6. Leveraged Loan Index Monitor – The Leveraged Loan Index fell -6.3 points last week, ending at 1793.16.
7. TED Spread Monitor – The TED spread fell 1.5 basis points last week, ending the week at 23.2 bps this week versus last week’s print of 24.7 bps.
8. Journal of Commerce Commodity Price Index – The JOC index rose 0.4 points, ending the week at 3.6 versus 3.2 the prior week.
9. Euribor-OIS Spread – The Euribor-OIS spread tightened by 1 bps to 12 bps. The Euribor-OIS spread (the difference between the euro interbank lending rate and overnight indexed swaps) measures bank counterparty risk in the Eurozone. The OIS is analogous to the effective Fed Funds rate in the United States. Banks lending at the OIS do not swap principal, so counterparty risk in the OIS is minimal. By contrast, the Euribor rate is the rate offered for unsecured interbank lending. Thus, the spread between the two isolates counterparty risk.

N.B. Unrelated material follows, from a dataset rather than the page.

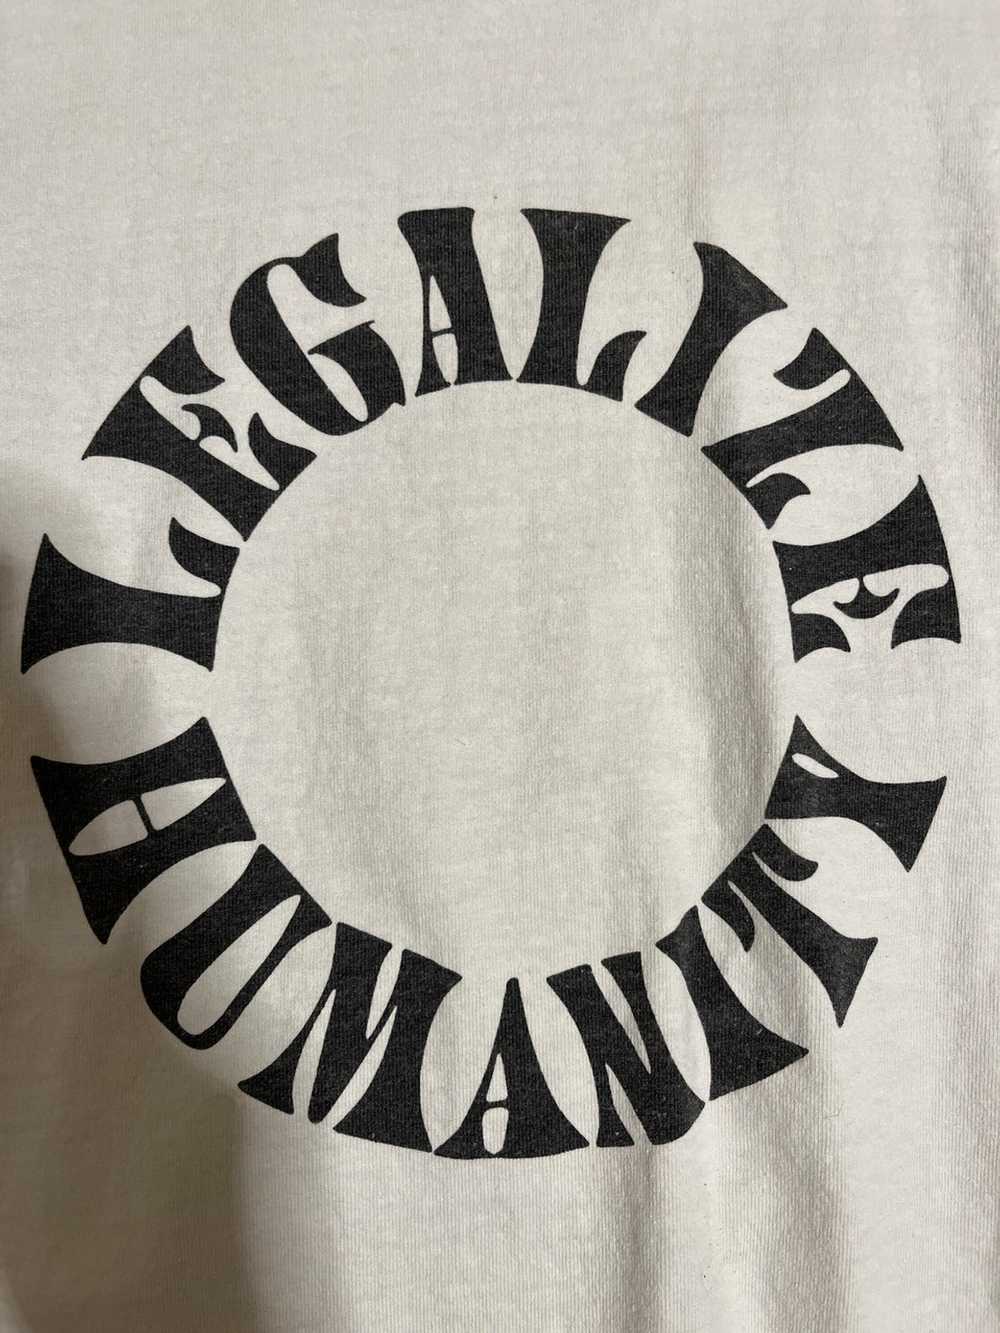 Vintage Old Pal “Legalize Humanity” T-shirt - image 2

10. ECB Liquidity Recourse to the Deposit Facility – The ECB Liquidity Recourse to the Deposit Facility measures banks’ overnight deposits with the ECB. Taken in conjunction with excess reserves, the ECB deposit facility measures excess liquidity in the Euro banking system. An increase in this metric shows that banks are borrowing from the ECB. In other words, the deposit facility measures one element of the ECB response to the crisis.
11. Markit MCDX Index Monitor – Last week spreads widened 9 bps, ending the week at 75.5 bps versus 66.3 bps the prior week. The Markit MCDX is a measure of municipal credit default swaps. We believe this index is a useful indicator of pressure in state and local governments. Markit publishes index values daily on six 5-year tenor baskets including 50 reference entities each. Each basket includes a diversified pool of revenue and GO bonds from a broad array of states. We track the 16-V1.
12. Chinese Steel – Steel prices in China fell 1.4% last week, or 47 yuan/ton, to 3422 yuan/ton. We use Chinese steel rebar prices to gauge Chinese construction activity, and, by extension, the health of the Chinese economy.
13. 2-10 Spread – Last week the 2-10 spread tightened to 185 bps, -3 bps tighter than a week ago. We track the 2-10 spread as an indicator of bank margin pressure.
14. XLF Macro Quantitative Setup – Our Macro team’s quantitative setup in the XLF shows 1.8% upside to TRADE resistance and 3.0% downside to TRADE support.